Really bad times. But God, I realize now I was lucky all along. For all of it.”

  The bar-back goes over to the stereo to play “Chandelier” for the third time. He hops up on the corner of the bar and sways lazily to the music, singing under his breath.

  “So what’s your story?” Marty asks James. “Visiting someone? Working?”

  “I followed someone up here,” James says, turning to face Marty. “A man.” He raises his glass to his lips and sips.

  “Ah.” Marty smiles again, but looks a few years older this time. “And how’s that working out?”

  “It’s not. It didn’t.” He takes a bigger sip. “I guess I knew it wouldn’t. I shouldn’t have expected . . .”

  “He took you up here with him from Delaware? Or you came on your own?”
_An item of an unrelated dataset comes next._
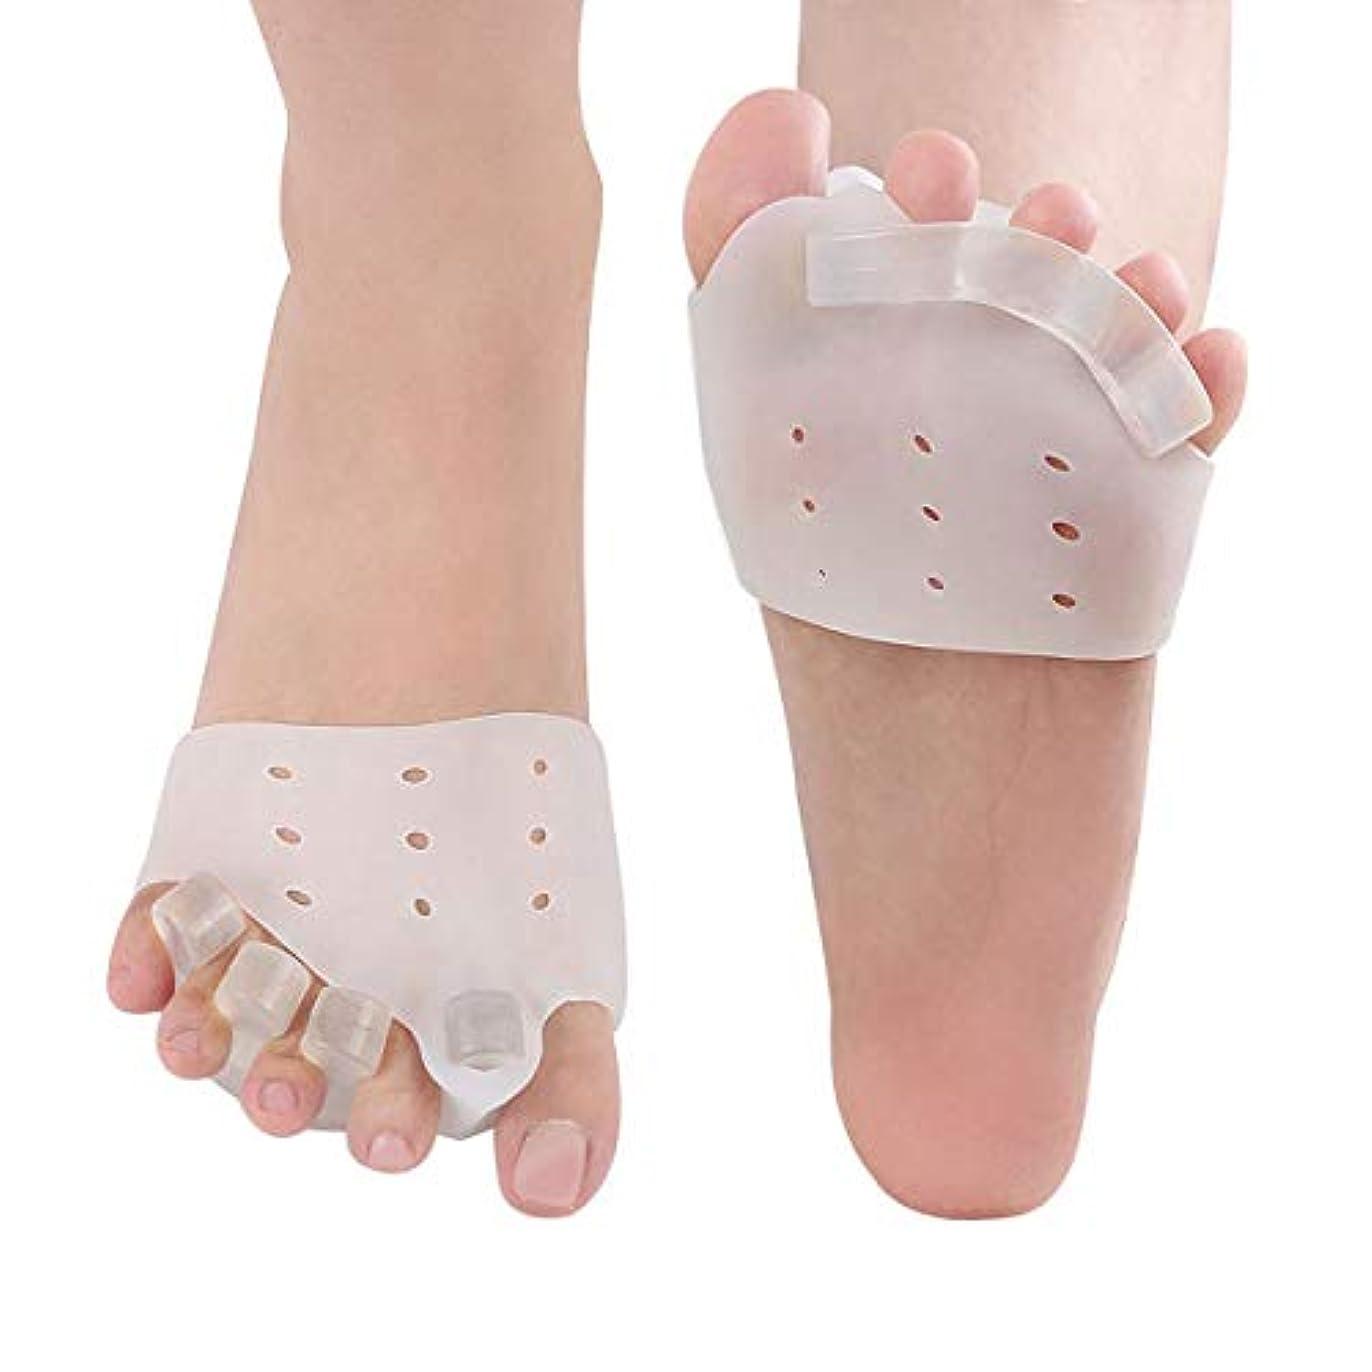 足指パッド セパレーター 矯正 足指を広げる 外反母趾矯正 内反小趾 サポーター 足指矯正パッド 足指分離 足指 シリコンパッド 足用保護パッド 足の痛みを軽減 男女兼用 左右兼用 (左右セット)

  “I went with him. I wouldn’t say he took me.”

  “That’s a long way.”

  “Yeah.” James drinks, then sits up straighter. “You ever been?”

  “I have, actually.”

  “Oh, no way!”

  “Rehoboth Beach. Beautiful.”

  “Yeah.” James sighs. “I’m from Dover.”

  “Mmm. Air Force?”

  “He is.”

  “Commissioned?”

  James’s voice softens. “He’s . . . he’s high up.”

  “Oh.” Marty sets his drink down. “I see. Wow.”

  “Yeah. Wow.”

  The old drag queen sets down her empty glass and starts drumming her fingers along the side of it, her rings clinking against the glass, summoning the bartender back from the pool table.

  “One more, Jolene?” he asks.

  She nods sleepily.

  “You driving tonight?”

  Jolene shakes her head, her red wig hanging a bit askew. The bartender refills her glass, going lighter on the rum this time.